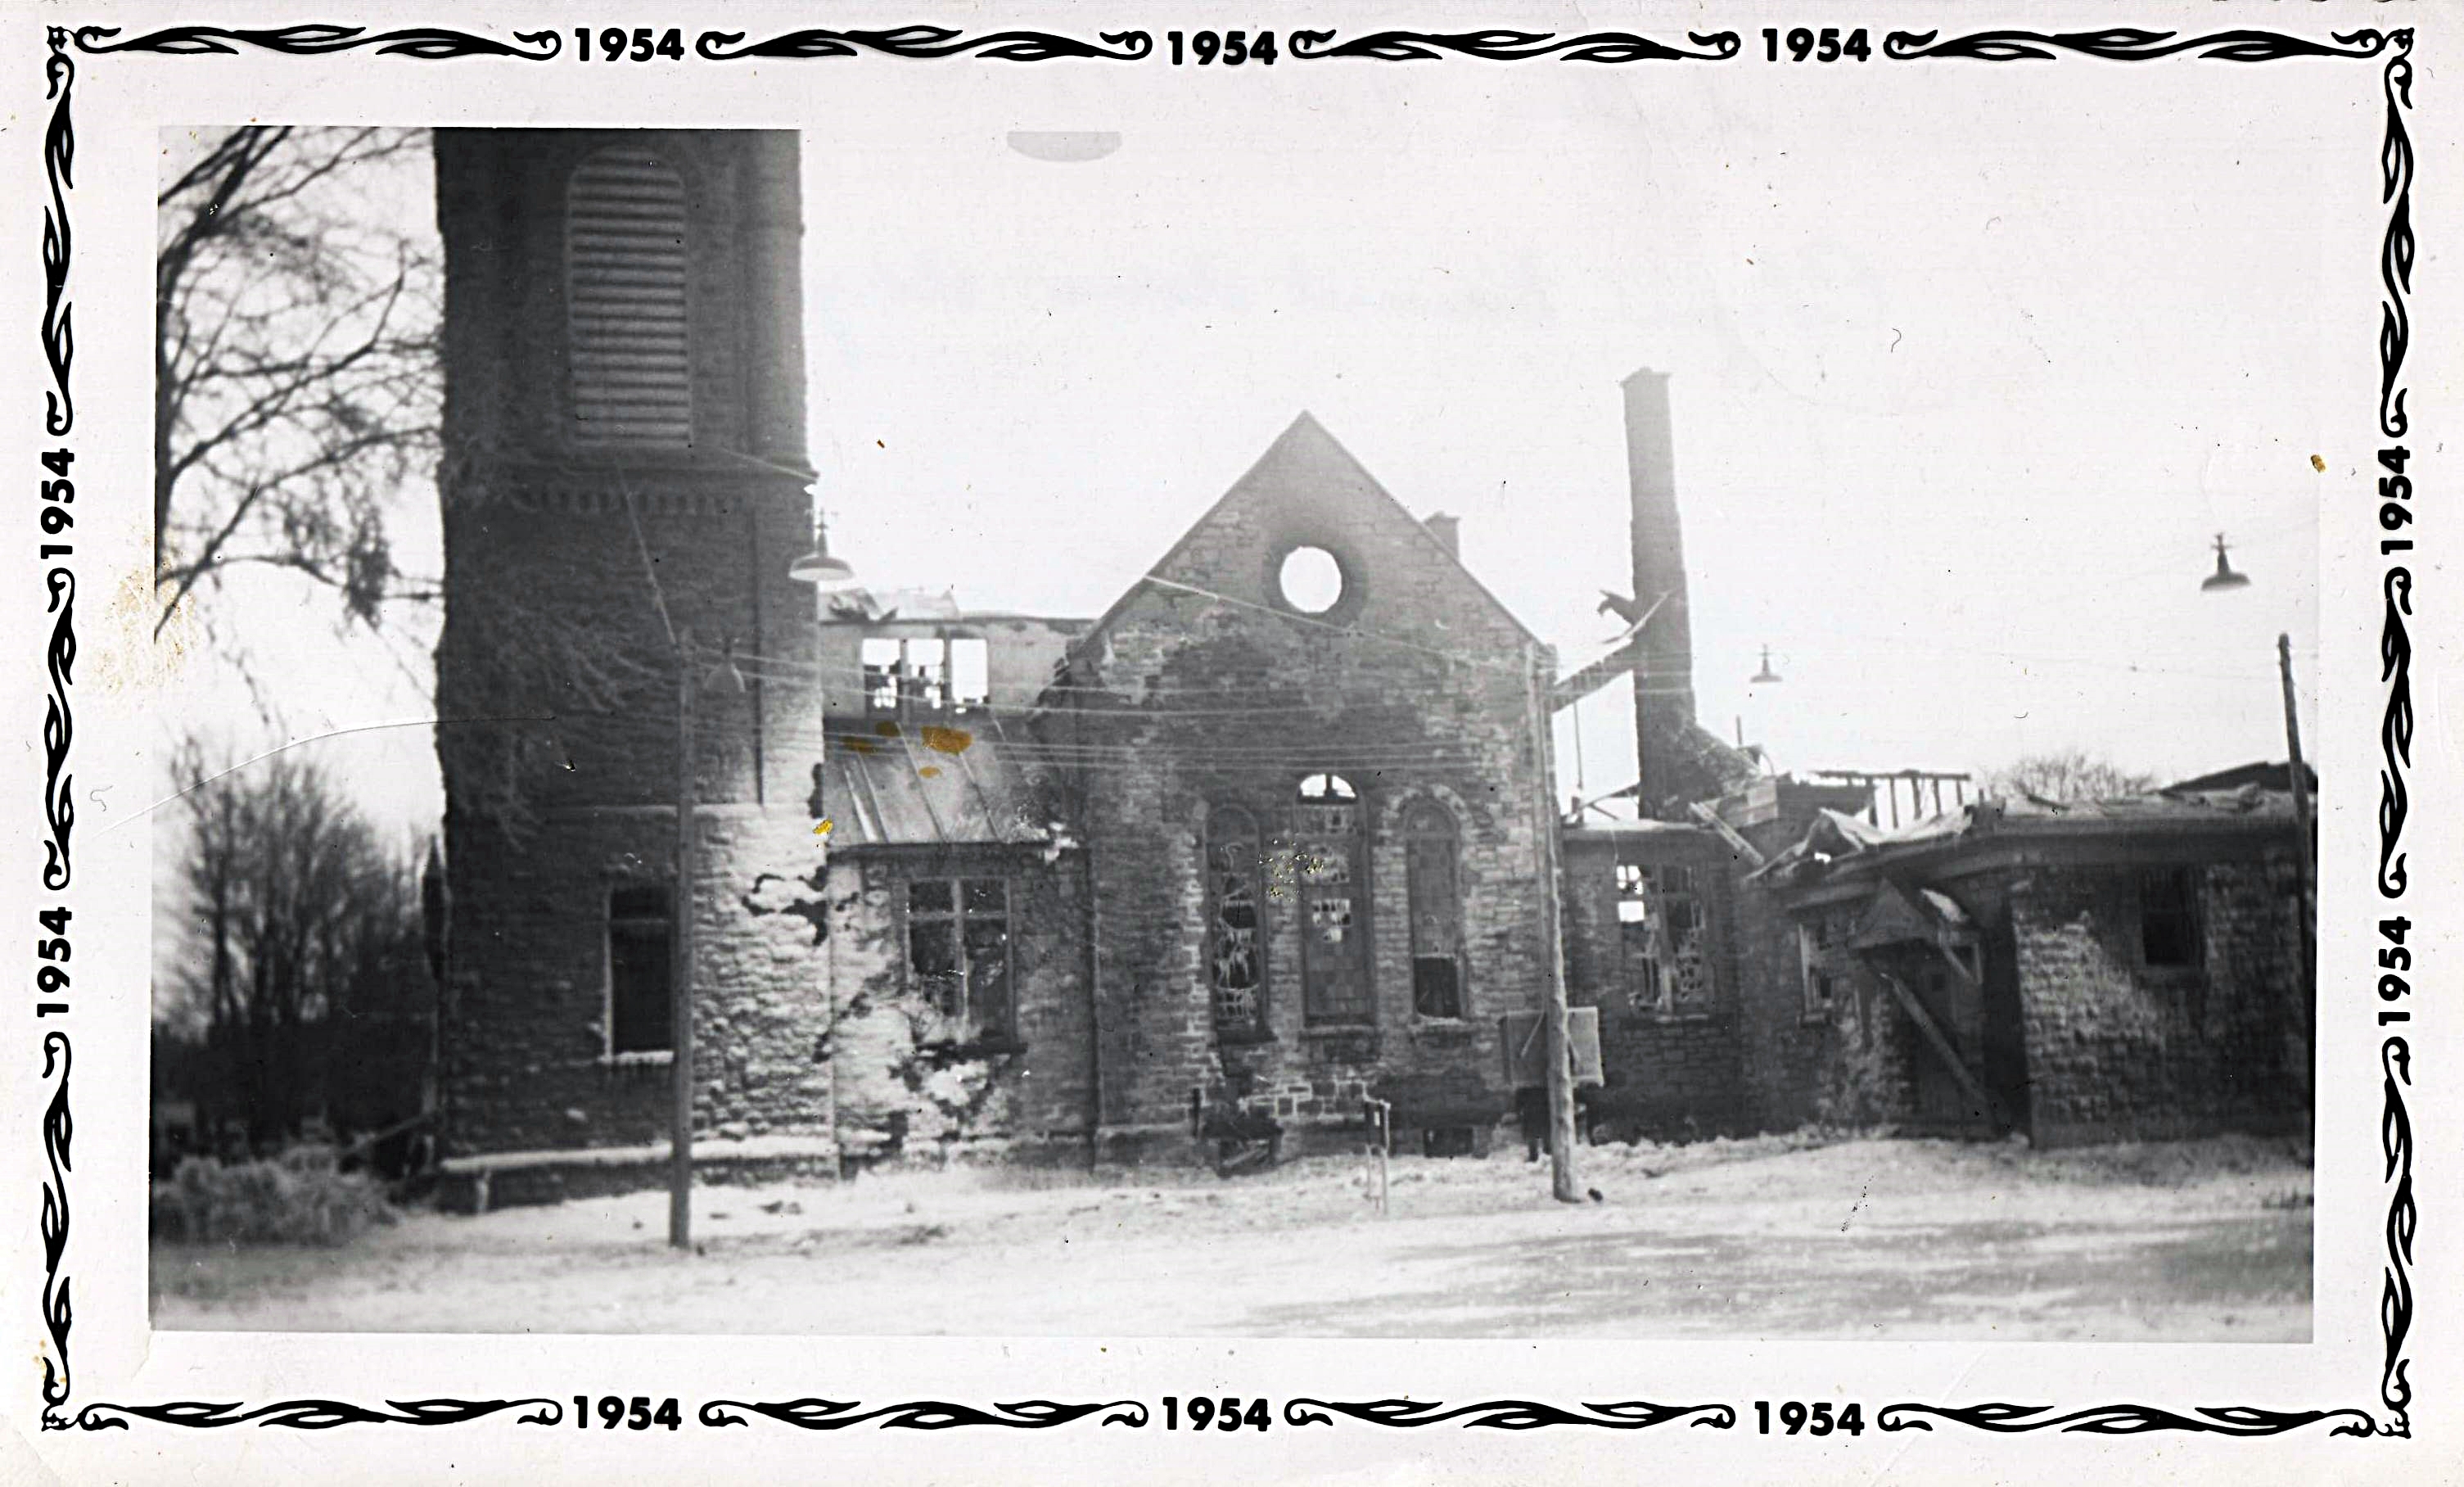 Church Fire 1954
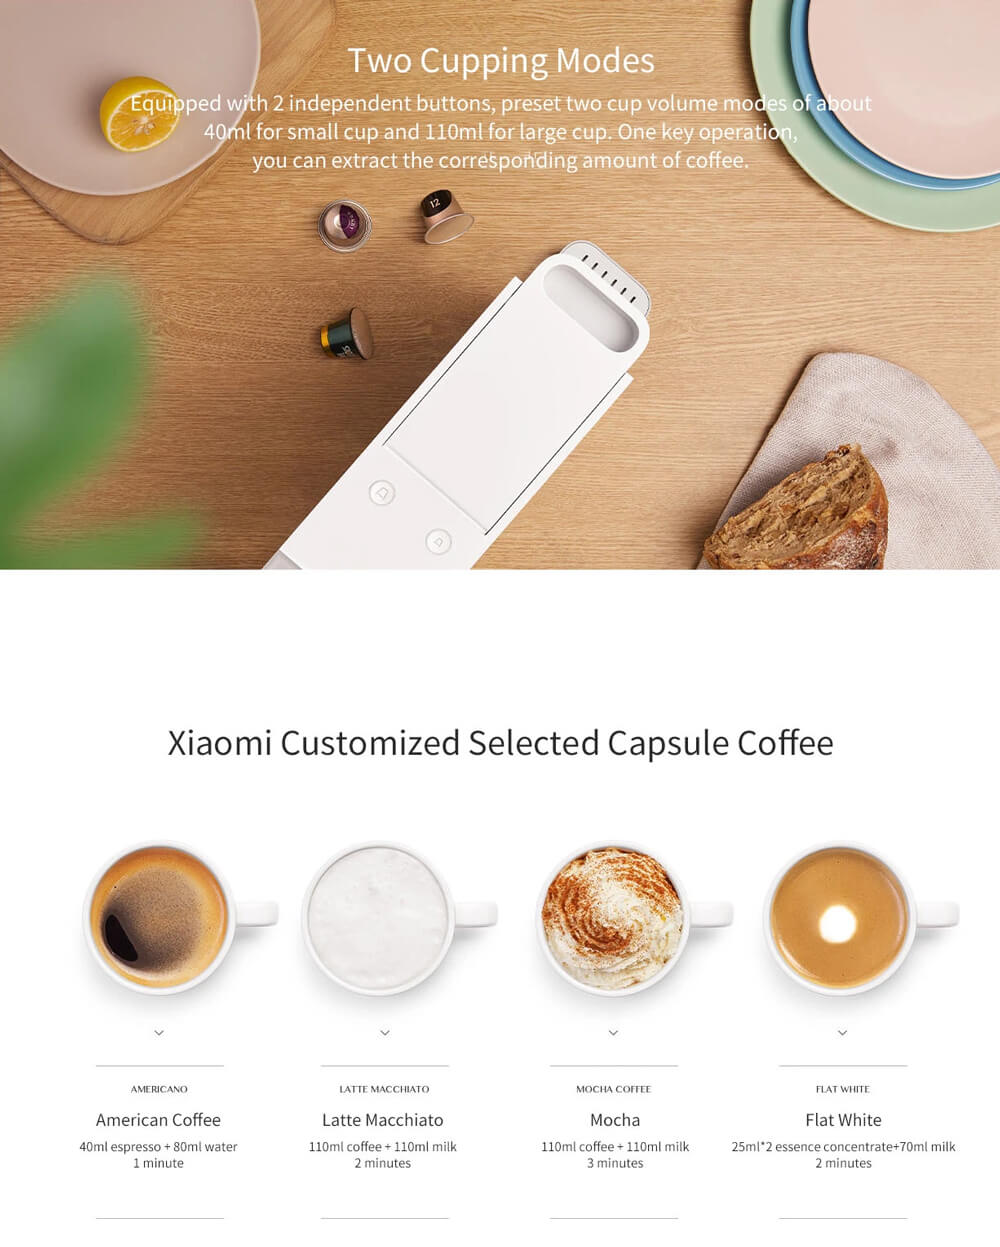 اسپرسو ساز کپسولی میجیا شیائومی S1301 - ‏Xiaomi Mijia S1301 Coffee Machine
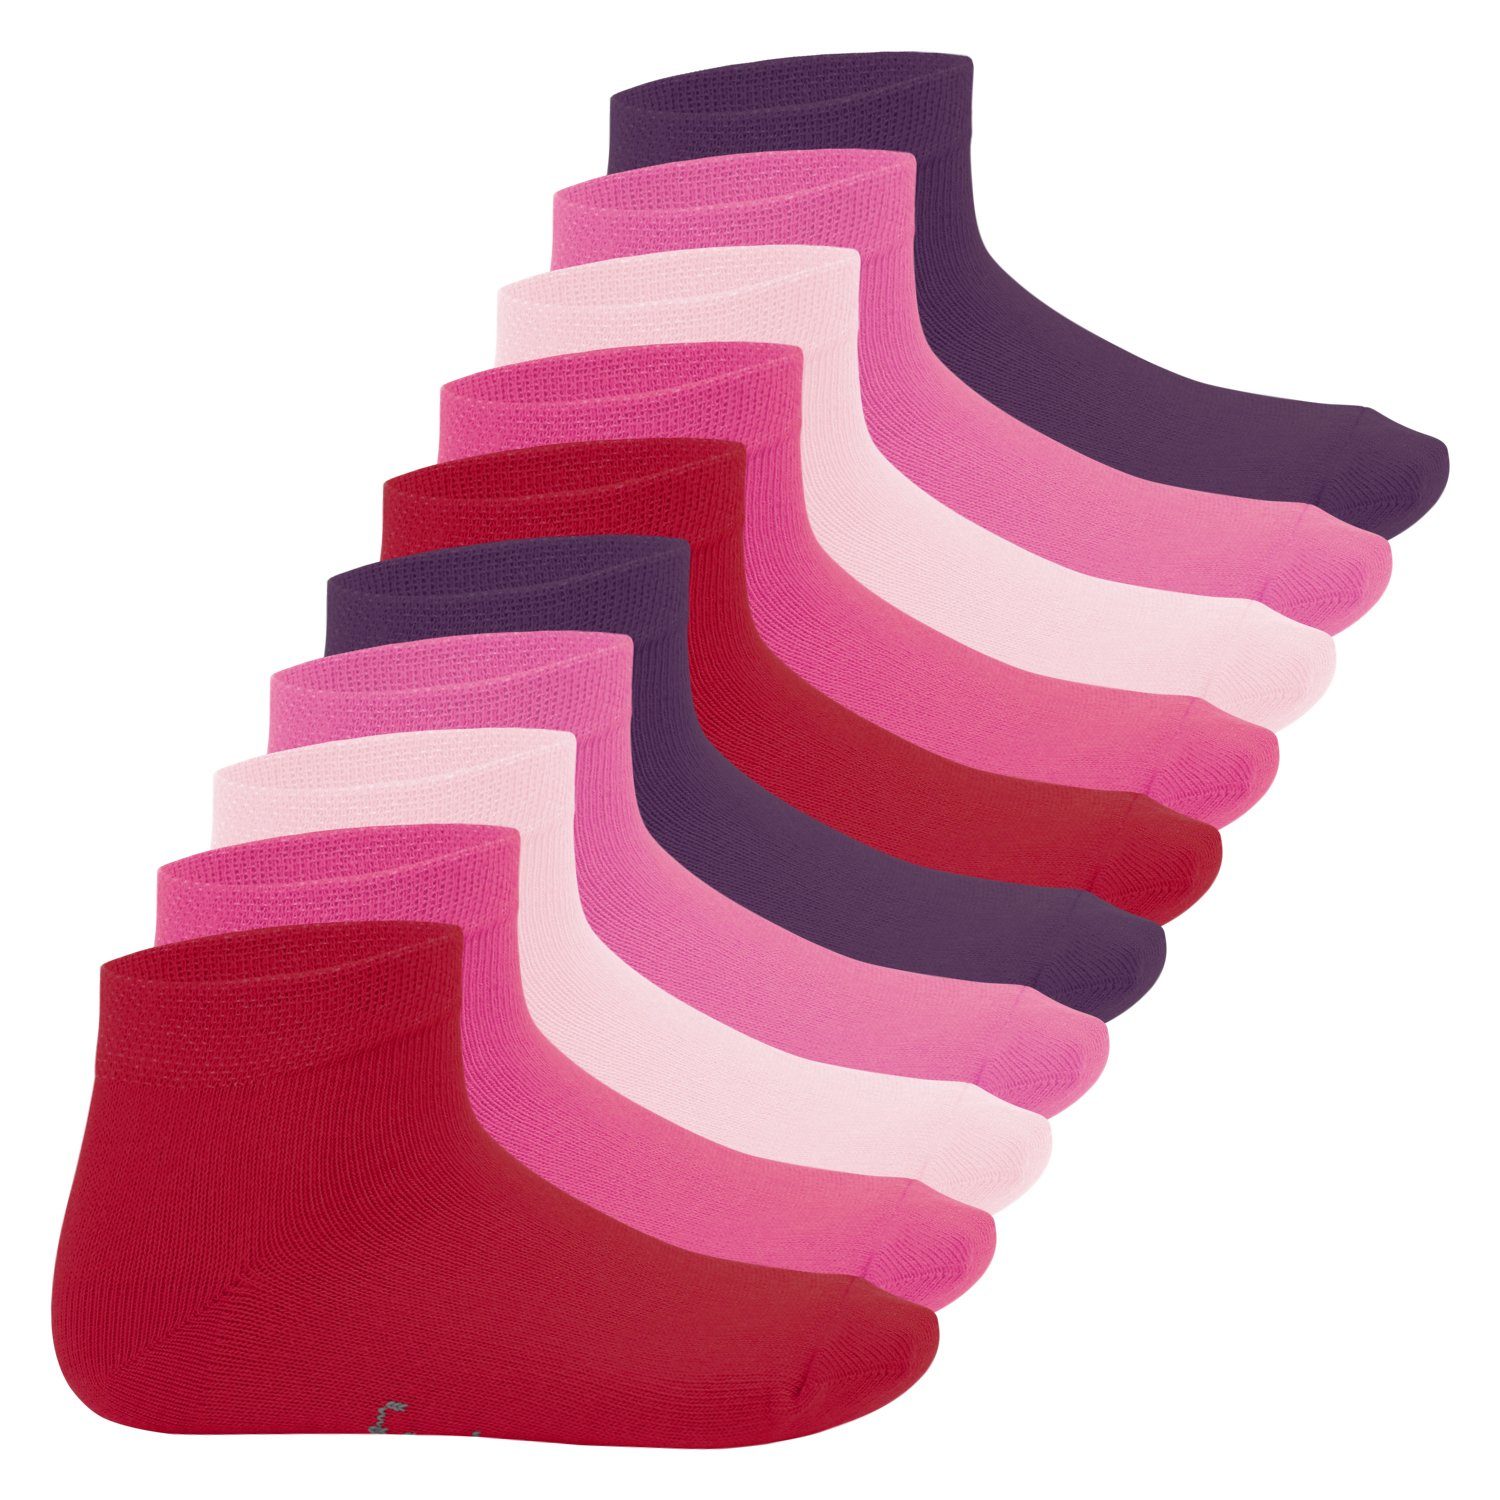 Footstar Kurzsocken Sneak it! Kinder Kurzschaft Paar) Socken (10 Jungen Mädchen & Berryfarben

• Action item
This task calls for the listing to be restated exactly, with images omitted.

• Output for this exercise
 Church Fire 1954
 اسپرسو ساز کپسولی میجیا شیائومی S1301 - ‏Xiaomi Mijia S1301 Coffee Machine
 Footstar Kurzsocken Sneak it! Kinder Kurzschaft Paar) Socken (10 Jungen Mädchen & Berryfarben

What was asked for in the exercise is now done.